▶ _Exercise data_
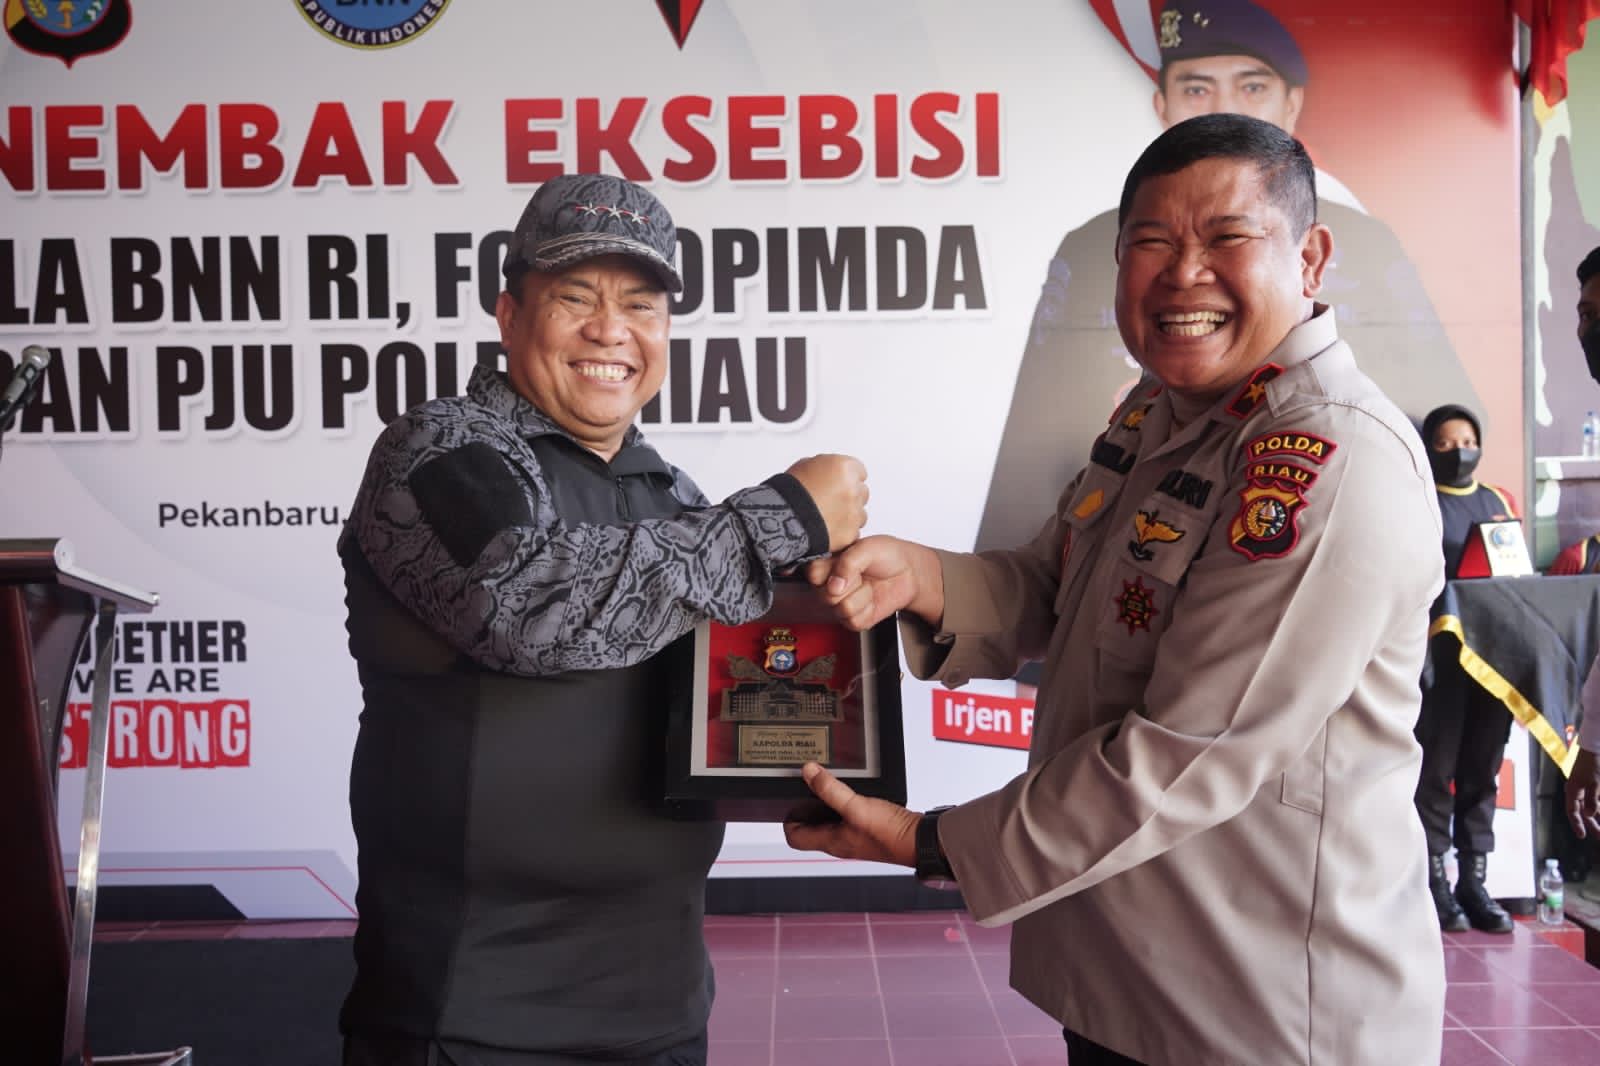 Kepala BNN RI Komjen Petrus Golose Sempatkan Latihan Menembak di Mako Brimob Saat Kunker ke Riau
--
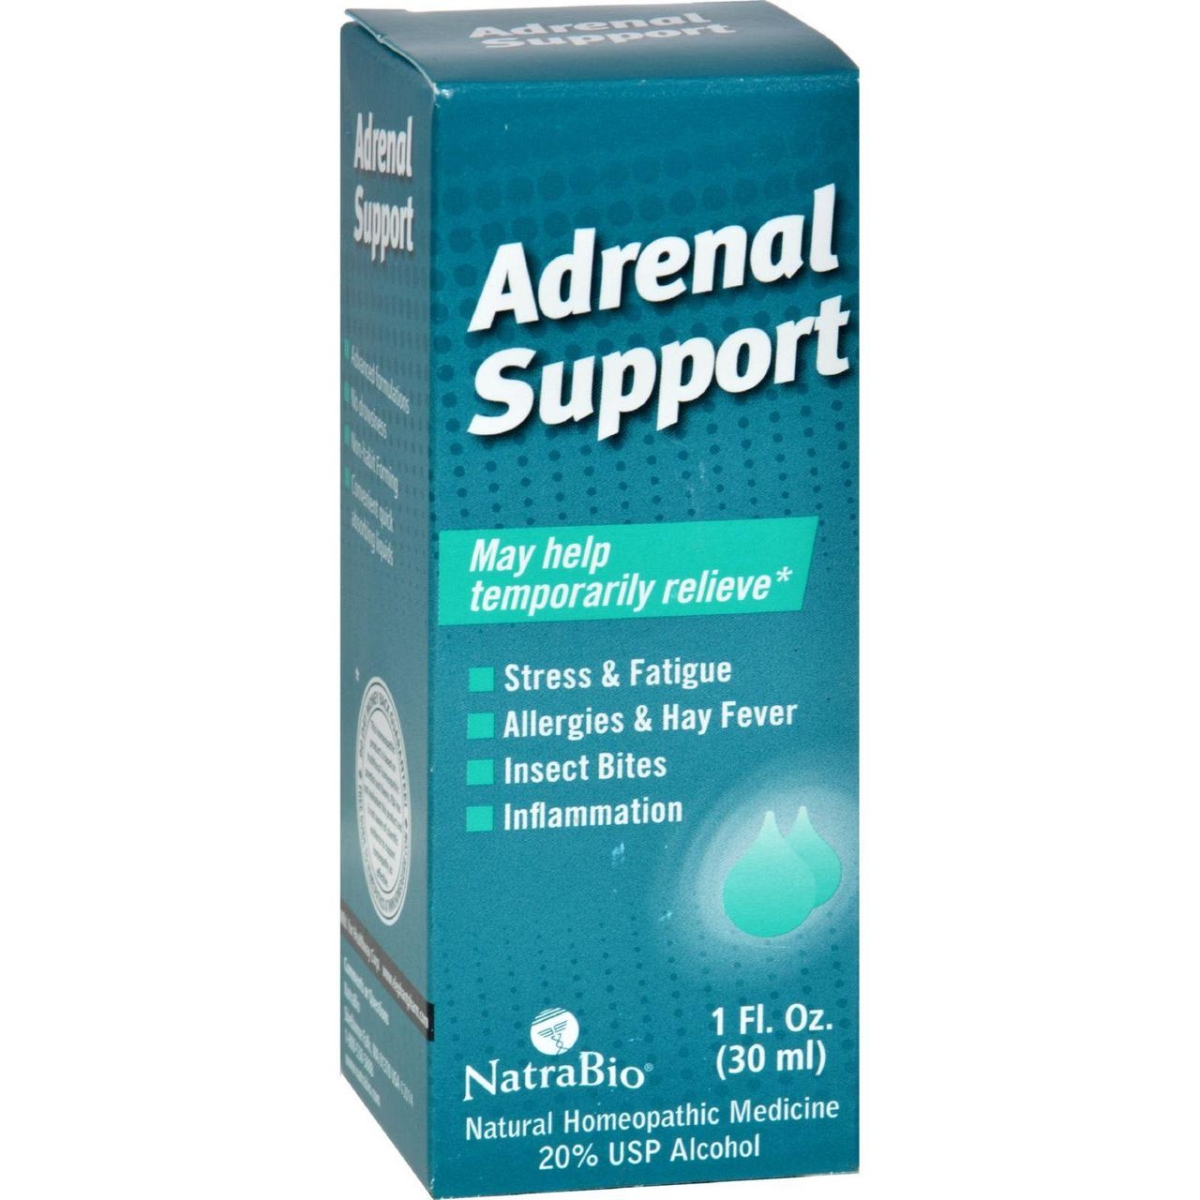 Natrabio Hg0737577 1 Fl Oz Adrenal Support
...
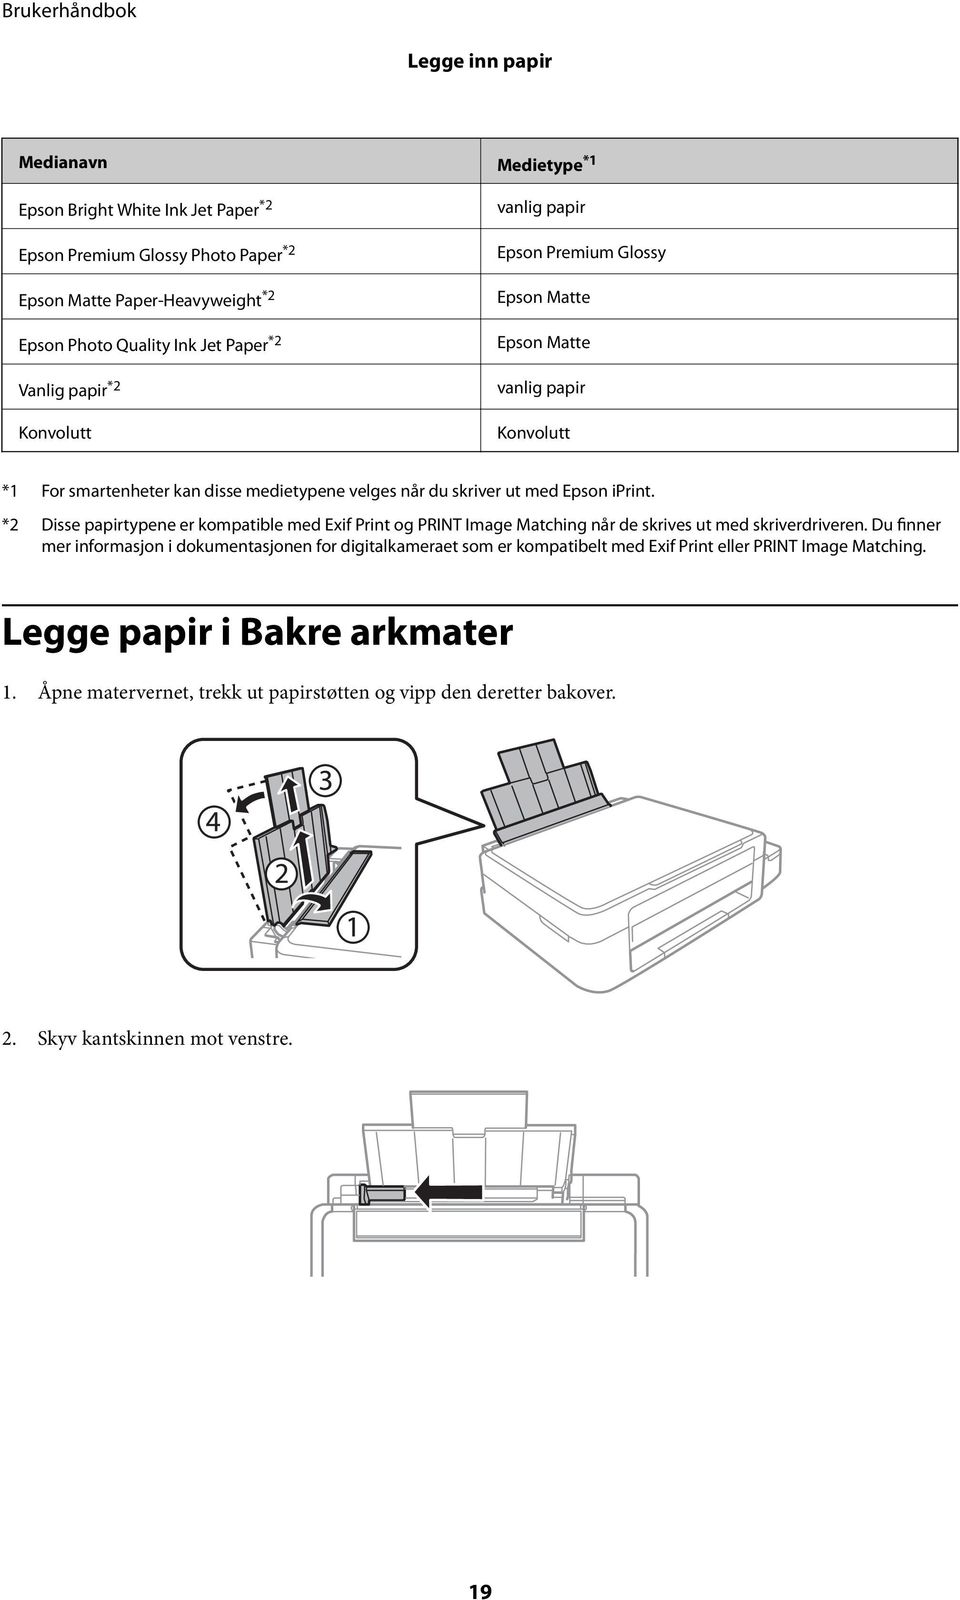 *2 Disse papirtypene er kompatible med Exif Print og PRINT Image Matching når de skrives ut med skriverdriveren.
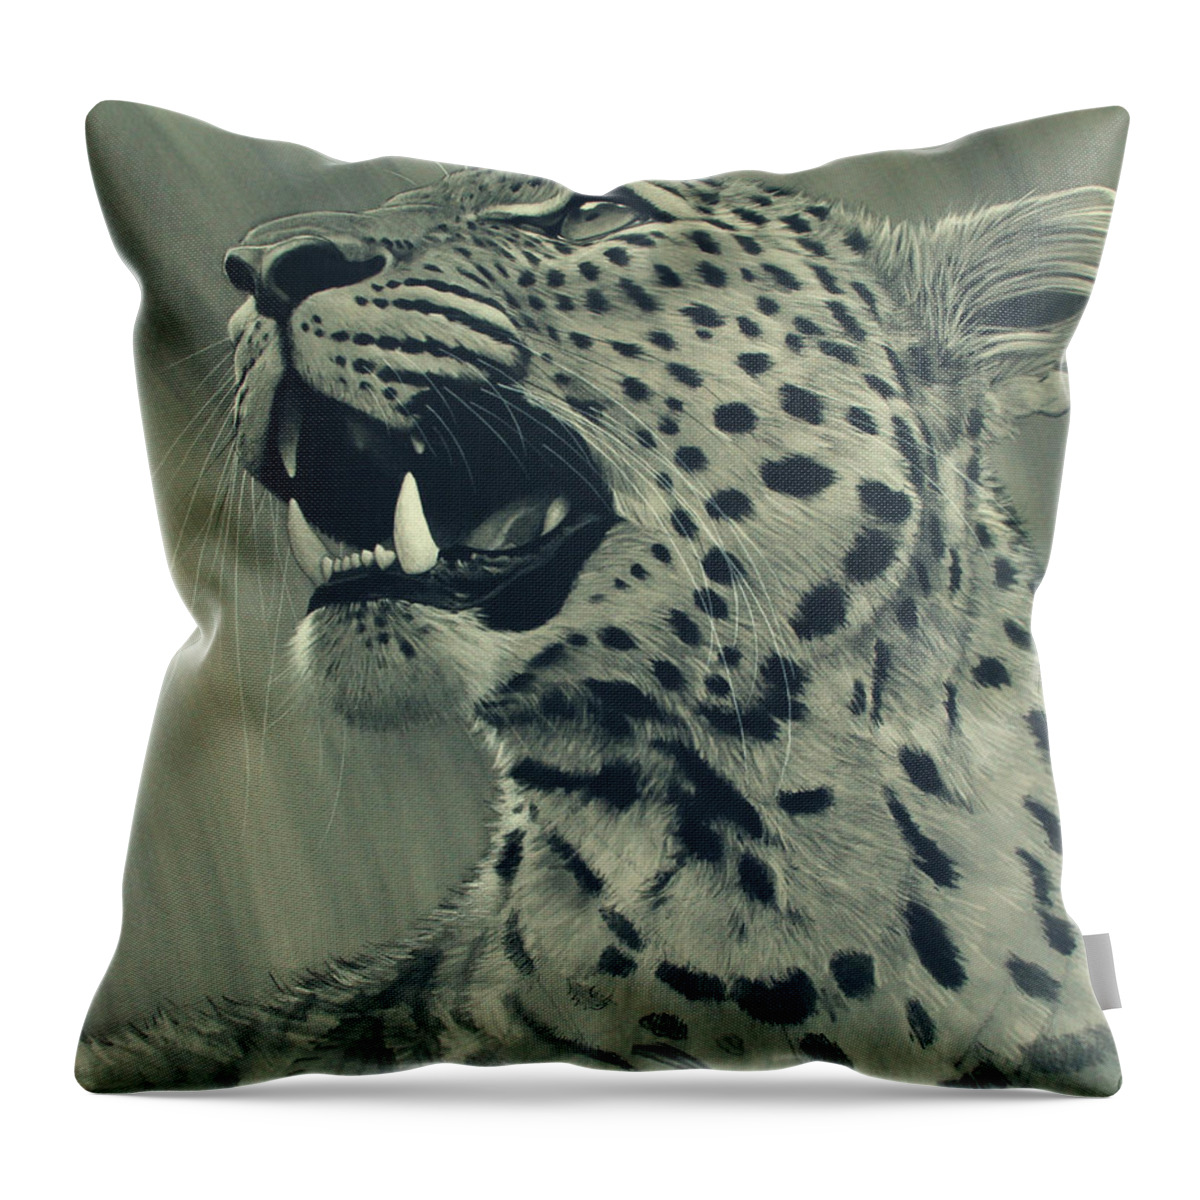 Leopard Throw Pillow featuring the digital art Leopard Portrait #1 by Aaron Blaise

▶ _What you will do_
From the data above, return only the lines starting at the line that holds "ut med skriverdriveren." and ending at the line that holds "Leopard Throw Pillow", word for word and without pictures.

▶ _Answer to the problem_
 *2 Disse papirtypene er kompatible med Exif Print og PRINT Image Matching når de skrives ut med skriverdriveren.
 Leopard Throw Pillow featuring the digital art Leopard Portrait #1 by Aaron Blaise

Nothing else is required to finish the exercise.